───── Source material ─────

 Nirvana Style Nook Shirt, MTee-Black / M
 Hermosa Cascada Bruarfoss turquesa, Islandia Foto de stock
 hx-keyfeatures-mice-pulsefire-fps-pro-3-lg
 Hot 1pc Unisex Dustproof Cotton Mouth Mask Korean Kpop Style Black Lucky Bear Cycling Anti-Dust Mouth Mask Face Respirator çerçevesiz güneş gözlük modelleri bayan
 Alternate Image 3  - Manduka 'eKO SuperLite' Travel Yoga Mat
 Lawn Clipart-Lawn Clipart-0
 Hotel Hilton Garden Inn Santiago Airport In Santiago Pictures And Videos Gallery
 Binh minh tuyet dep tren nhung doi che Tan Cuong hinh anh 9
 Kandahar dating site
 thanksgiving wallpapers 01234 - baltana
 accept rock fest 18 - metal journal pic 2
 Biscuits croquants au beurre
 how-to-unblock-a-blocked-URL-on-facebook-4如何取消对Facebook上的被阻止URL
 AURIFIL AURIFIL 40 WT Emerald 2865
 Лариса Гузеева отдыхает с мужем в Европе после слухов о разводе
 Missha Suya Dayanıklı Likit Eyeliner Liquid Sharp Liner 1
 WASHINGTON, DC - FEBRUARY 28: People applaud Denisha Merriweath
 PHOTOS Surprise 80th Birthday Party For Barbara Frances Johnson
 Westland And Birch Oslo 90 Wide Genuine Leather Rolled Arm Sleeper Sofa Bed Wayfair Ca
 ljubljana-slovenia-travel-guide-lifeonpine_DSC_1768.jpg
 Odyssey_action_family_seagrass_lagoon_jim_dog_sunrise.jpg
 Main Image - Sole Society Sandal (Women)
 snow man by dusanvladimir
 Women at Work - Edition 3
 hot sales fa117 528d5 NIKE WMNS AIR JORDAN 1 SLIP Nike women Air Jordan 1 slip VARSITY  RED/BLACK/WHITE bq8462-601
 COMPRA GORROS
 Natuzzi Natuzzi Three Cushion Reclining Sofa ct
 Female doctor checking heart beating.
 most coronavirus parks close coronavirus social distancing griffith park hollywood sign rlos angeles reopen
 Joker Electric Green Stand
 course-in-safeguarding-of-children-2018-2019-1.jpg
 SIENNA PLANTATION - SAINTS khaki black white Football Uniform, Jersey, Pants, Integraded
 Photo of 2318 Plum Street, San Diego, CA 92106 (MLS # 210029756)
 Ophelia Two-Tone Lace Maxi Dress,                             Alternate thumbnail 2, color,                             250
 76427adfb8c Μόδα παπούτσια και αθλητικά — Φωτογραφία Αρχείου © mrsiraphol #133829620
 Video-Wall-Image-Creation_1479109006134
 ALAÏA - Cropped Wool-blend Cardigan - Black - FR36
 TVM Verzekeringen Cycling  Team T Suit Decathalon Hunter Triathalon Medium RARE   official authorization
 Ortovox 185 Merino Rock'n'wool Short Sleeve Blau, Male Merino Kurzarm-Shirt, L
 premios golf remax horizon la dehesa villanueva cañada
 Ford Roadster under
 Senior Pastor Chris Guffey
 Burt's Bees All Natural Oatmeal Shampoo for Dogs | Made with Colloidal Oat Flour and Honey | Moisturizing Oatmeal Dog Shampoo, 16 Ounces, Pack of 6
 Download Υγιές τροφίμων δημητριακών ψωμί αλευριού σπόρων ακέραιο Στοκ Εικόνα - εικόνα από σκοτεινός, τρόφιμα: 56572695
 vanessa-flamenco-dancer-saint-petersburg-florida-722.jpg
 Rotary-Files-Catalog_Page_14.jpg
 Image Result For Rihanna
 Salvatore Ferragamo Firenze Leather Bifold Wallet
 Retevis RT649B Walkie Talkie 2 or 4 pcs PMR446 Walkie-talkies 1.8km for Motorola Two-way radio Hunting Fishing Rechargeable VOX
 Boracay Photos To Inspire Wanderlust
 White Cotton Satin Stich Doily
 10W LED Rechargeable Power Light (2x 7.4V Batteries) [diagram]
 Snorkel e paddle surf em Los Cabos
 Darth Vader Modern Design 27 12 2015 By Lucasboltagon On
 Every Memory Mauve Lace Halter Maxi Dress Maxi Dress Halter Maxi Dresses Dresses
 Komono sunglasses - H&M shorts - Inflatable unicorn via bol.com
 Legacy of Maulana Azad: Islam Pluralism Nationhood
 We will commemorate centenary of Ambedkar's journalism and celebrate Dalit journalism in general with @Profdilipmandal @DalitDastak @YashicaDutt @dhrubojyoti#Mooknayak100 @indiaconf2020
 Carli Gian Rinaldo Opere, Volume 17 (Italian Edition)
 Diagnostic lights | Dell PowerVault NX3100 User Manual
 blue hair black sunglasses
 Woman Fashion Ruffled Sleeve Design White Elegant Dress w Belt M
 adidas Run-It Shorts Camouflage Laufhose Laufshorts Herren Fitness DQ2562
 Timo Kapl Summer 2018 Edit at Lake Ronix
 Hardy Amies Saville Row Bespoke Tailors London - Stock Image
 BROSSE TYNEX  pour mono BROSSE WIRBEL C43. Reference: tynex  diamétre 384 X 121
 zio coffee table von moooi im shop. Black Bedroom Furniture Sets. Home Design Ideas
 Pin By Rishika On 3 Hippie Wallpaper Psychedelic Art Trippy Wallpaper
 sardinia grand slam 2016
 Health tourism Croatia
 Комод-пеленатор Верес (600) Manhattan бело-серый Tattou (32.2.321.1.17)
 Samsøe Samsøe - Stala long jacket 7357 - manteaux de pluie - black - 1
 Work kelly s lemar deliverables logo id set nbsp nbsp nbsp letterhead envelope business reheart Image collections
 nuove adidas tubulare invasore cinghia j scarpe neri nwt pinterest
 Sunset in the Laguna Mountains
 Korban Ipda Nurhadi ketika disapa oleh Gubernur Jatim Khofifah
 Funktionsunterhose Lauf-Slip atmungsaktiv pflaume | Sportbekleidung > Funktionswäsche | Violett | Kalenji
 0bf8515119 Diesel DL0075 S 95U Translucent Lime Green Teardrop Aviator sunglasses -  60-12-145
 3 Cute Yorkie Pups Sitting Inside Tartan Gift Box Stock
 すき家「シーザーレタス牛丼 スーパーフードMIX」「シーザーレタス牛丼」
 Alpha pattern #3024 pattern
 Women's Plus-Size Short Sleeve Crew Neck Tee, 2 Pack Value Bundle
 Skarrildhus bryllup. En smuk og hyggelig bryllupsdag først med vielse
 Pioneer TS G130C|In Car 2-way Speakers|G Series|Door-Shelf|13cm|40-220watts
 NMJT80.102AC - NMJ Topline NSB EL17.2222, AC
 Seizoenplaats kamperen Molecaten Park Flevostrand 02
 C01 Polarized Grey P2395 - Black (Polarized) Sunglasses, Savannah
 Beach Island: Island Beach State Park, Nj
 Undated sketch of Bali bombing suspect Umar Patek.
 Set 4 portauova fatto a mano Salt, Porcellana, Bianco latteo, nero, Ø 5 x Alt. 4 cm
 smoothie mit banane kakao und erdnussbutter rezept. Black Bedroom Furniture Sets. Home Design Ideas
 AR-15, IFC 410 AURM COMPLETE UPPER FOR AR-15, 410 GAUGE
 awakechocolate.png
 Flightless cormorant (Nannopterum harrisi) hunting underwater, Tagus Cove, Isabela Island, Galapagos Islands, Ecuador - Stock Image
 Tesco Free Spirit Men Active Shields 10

─────

#### Exercise directions:
Output, exactly and in full, the lines from the start of the entries above through the line that contains "Natuzzi Natuzzi Three".

#### Exercise answer:
 Nirvana Style Nook Shirt, MTee-Black / M
 Hermosa Cascada Bruarfoss turquesa, Islandia Foto de stock
 hx-keyfeatures-mice-pulsefire-fps-pro-3-lg
 Hot 1pc Unisex Dustproof Cotton Mouth Mask Korean Kpop Style Black Lucky Bear Cycling Anti-Dust Mouth Mask Face Respirator çerçevesiz güneş gözlük modelleri bayan
 Alternate Image 3  - Manduka 'eKO SuperLite' Travel Yoga Mat
 Lawn Clipart-Lawn Clipart-0
 Hotel Hilton Garden Inn Santiago Airport In Santiago Pictures And Videos Gallery
 Binh minh tuyet dep tren nhung doi che Tan Cuong hinh anh 9
 Kandahar dating site
 thanksgiving wallpapers 01234 - baltana
 accept rock fest 18 - metal journal pic 2
 Biscuits croquants au beurre
 how-to-unblock-a-blocked-URL-on-facebook-4如何取消对Facebook上的被阻止URL
 AURIFIL AURIFIL 40 WT Emerald 2865
 Лариса Гузеева отдыхает с мужем в Европе после слухов о разводе
 Missha Suya Dayanıklı Likit Eyeliner Liquid Sharp Liner 1
 WASHINGTON, DC - FEBRUARY 28: People applaud Denisha Merriweath
 PHOTOS Surprise 80th Birthday Party For Barbara Frances Johnson
 Westland And Birch Oslo 90 Wide Genuine Leather Rolled Arm Sleeper Sofa Bed Wayfair Ca
 ljubljana-slovenia-travel-guide-lifeonpine_DSC_1768.jpg
 Odyssey_action_family_seagrass_lagoon_jim_dog_sunrise.jpg
 Main Image - Sole Society Sandal (Women)
 snow man by dusanvladimir
 Women at Work - Edition 3
 hot sales fa117 528d5 NIKE WMNS AIR JORDAN 1 SLIP Nike women Air Jordan 1 slip VARSITY  RED/BLACK/WHITE bq8462-601
 COMPRA GORROS
 Natuzzi Natuzzi Three Cushion Reclining Sofa ct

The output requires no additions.